本記事では、EDRはどのようにして敵対的な行動を見つけるのかを解説していきます。

はじめに

EDRとは、EDRはEndpoint Detection and Responseの頭文字をとった語で、従来の(とはいってもEDRの概念が初めて世に出たのがすでに結構前の話ではありますが)アンチウイルスソフトウェアと異なり、各エンドポイントの詳細なログを収集・分析することで、脅威が侵入した際の被害拡大を防ぐセキュリティソリューションの総称です。

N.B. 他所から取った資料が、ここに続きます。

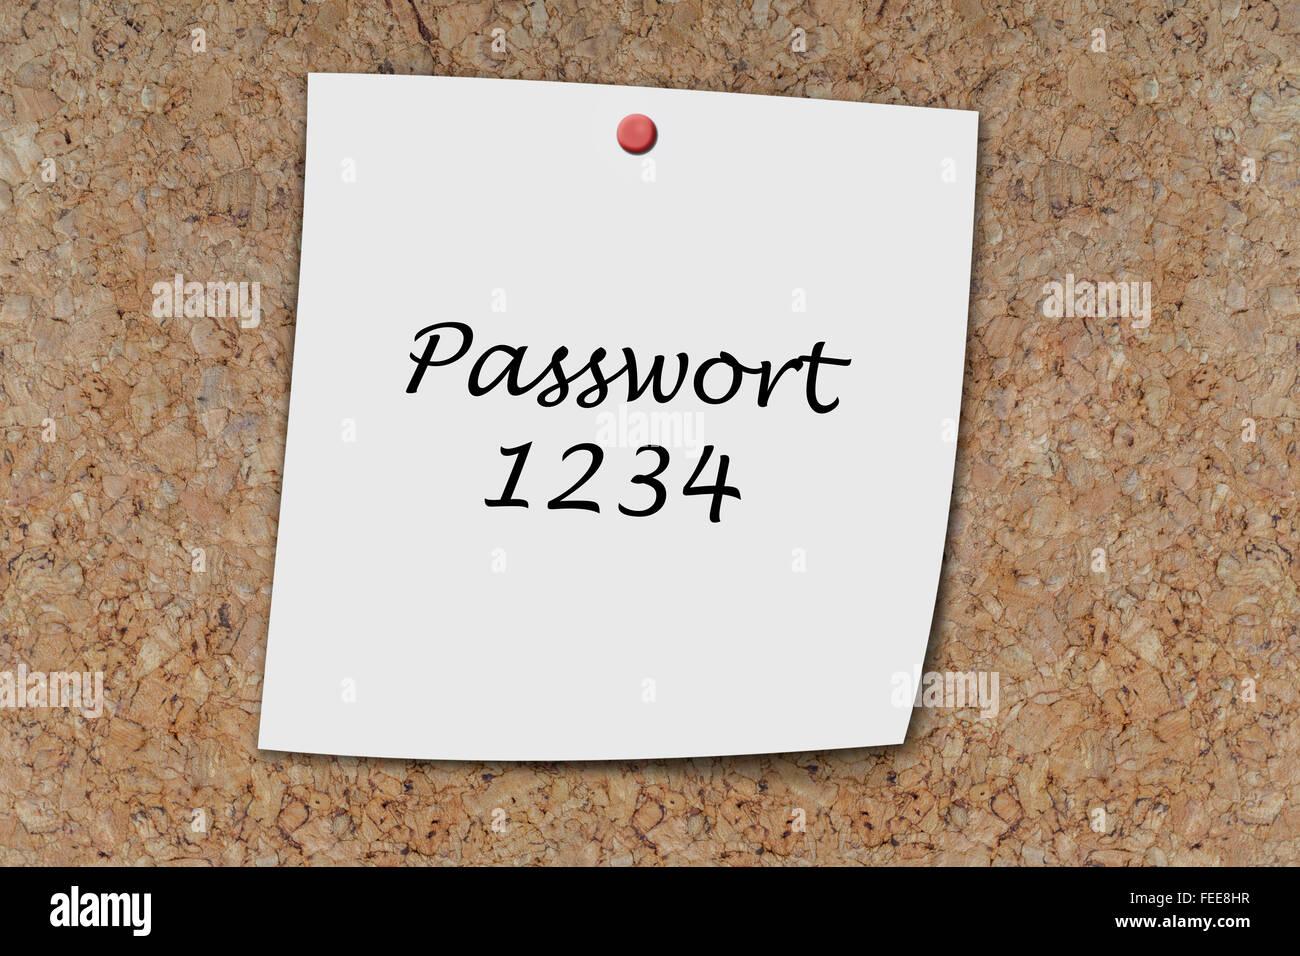 Passwort 1234 (German Password) written on a memo pinned on a cork board - Stock Image

従来のセキュリティ製品との違いとしては、既知のマルウェアのシグネチャや挙動パターンをもとに検知するような静的な動作のみではなく、任意のエンドポイントにあるプロセスがどのような動きをしているのかを、機械学習や振る舞い分析を取り入れ、未知のマルウェアも含めた包括的な悪意のある行動への対策を主眼に据え置いたセキュリティソフトウェアです。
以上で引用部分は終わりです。